Eine andere Quelle von brennbarem Gase, welche indessen von Ebelmen als für technische Zwecke nicht geeignet verworfen wird, ist die
durch Hindurchleiten durch glühende Kohlen bewirkte Zersetzung des Wassers zu
Wasserstoff und Kohlenoxyd. Ein Gemisch von gleichen Volumen dieser zwei Gase würde,
selbst kalt angewandt, eine Temperatur von 2870° geben, also eine
beträchtlich höhere, als die durch Verbrennung von Steinkohlengas erzeugte. Diese
Zahl läßt mich hoffen, daß Ebelmen's Urtheil nicht
unumstößlich ist, zumal wenn ich in Erwägung ziehe, daß in den Oefen mit hohen
Temperaturen die von den in Arbeit genommenen Substanzen consumirte Wärme nur einen
kleinen Bruchtheil der Gesammtwärme bildet und daß die entweichenden Gase noch Wärme
genug zum Erhitzen der für die Erzeugung des Gemisches von Wasserstoff und
Kohlenoxyd beschickten Retorten liefern.
Ich muß nun den Grund angeben, welcher mich zu den vorstehenden Vergleichungen
veranlaßte. Man hat mit Generatorgasen Roheisen geschmolzen; man würde auch Stahl
mit denselben schmelzen können. Wie Ebelmen erwähnt,
schmolz das Ofengewölbe nach mehrtägigem Betriebe, wenn die Gase vor der Verbrennung
auf 300° gebracht waren; Stabeisen aber schmolz nicht.
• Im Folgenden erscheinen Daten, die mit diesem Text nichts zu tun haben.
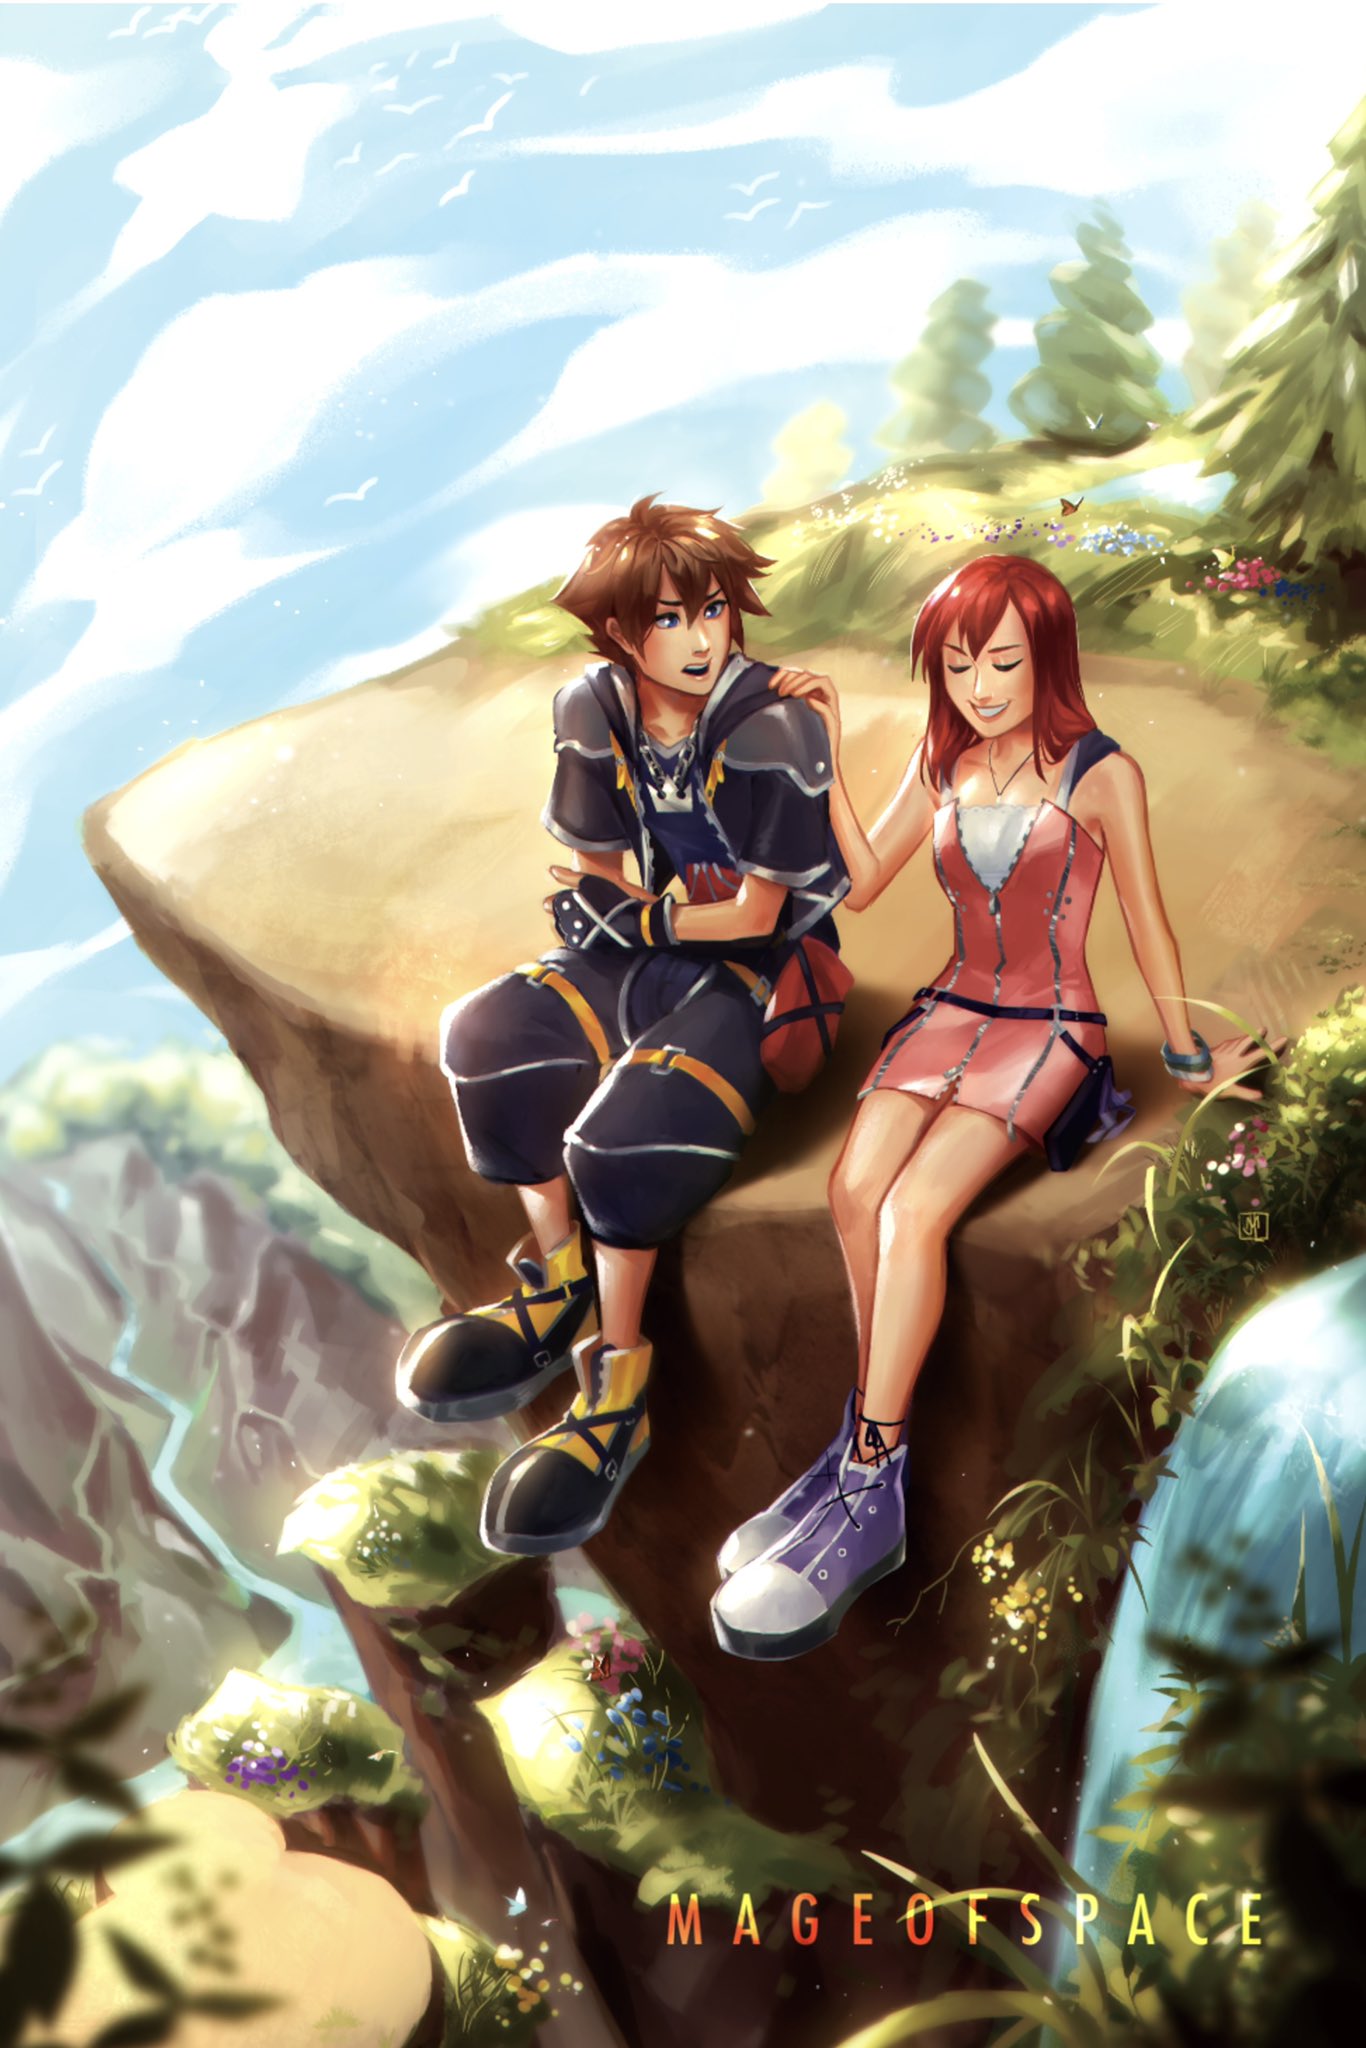 1boy 1girl artist_name bare_shoulders black_gloves breasts brown_hair chain_necklace cliff closed_eyes crossed_arms dress fingerless_gloves flock full_body gloves hair_between_eyes hand_on_another's_shoulder highres jewelry kairi_(kingdom_hearts) kingdom_hearts kingdom_hearts_ii looking_at_another mageofspace medium_hair nature necklace open_mouth outdoors pink_dress red_hair short_hair short_sleeves sitting sleeveless sleeveless_dress small_breasts smile sora_(kingdom_hearts) teeth water waterfall wristband

Mit Steinkohlengas bin
ich im Stande, dieses Metall zu schmelzen; ich werde es mit jedem anderen Gase
schmelzen können, welches eine gleich hohe Temperatur gibt. Sollte man nicht auch im Stande seyn, es im Großen zu schmelzen, durch
technische Erzeugung der Temperaturgrade, deren Erzielung im Kleinen mir
gelingt?
Die leicht auszuführende Schmelzung mehrerer hundert
Gramme Stabeisen in einem Tiegel gestattet die physikalischen Eigenschaften des
reinen oder mit fremden Körpern mehr oder weniger verunreinigten Metalles zu
studiren und seine chemischen Verwandtschaften im flüssigen Zustande zu ermitteln.
– Die obere Fläche der von mir erhaltenen Eisenkönige ist glatt und blank
– ein Beweis, daß Stabeisen beim Erstarren keine Gase abgibt.
Das Umschmelzen des raffinirten Stabeisens würde ein Mittel seyn, es von beigemengten
Unreinigkeiten, von Glühspan oder Schlacke zu reinigen und es homogener zu machen.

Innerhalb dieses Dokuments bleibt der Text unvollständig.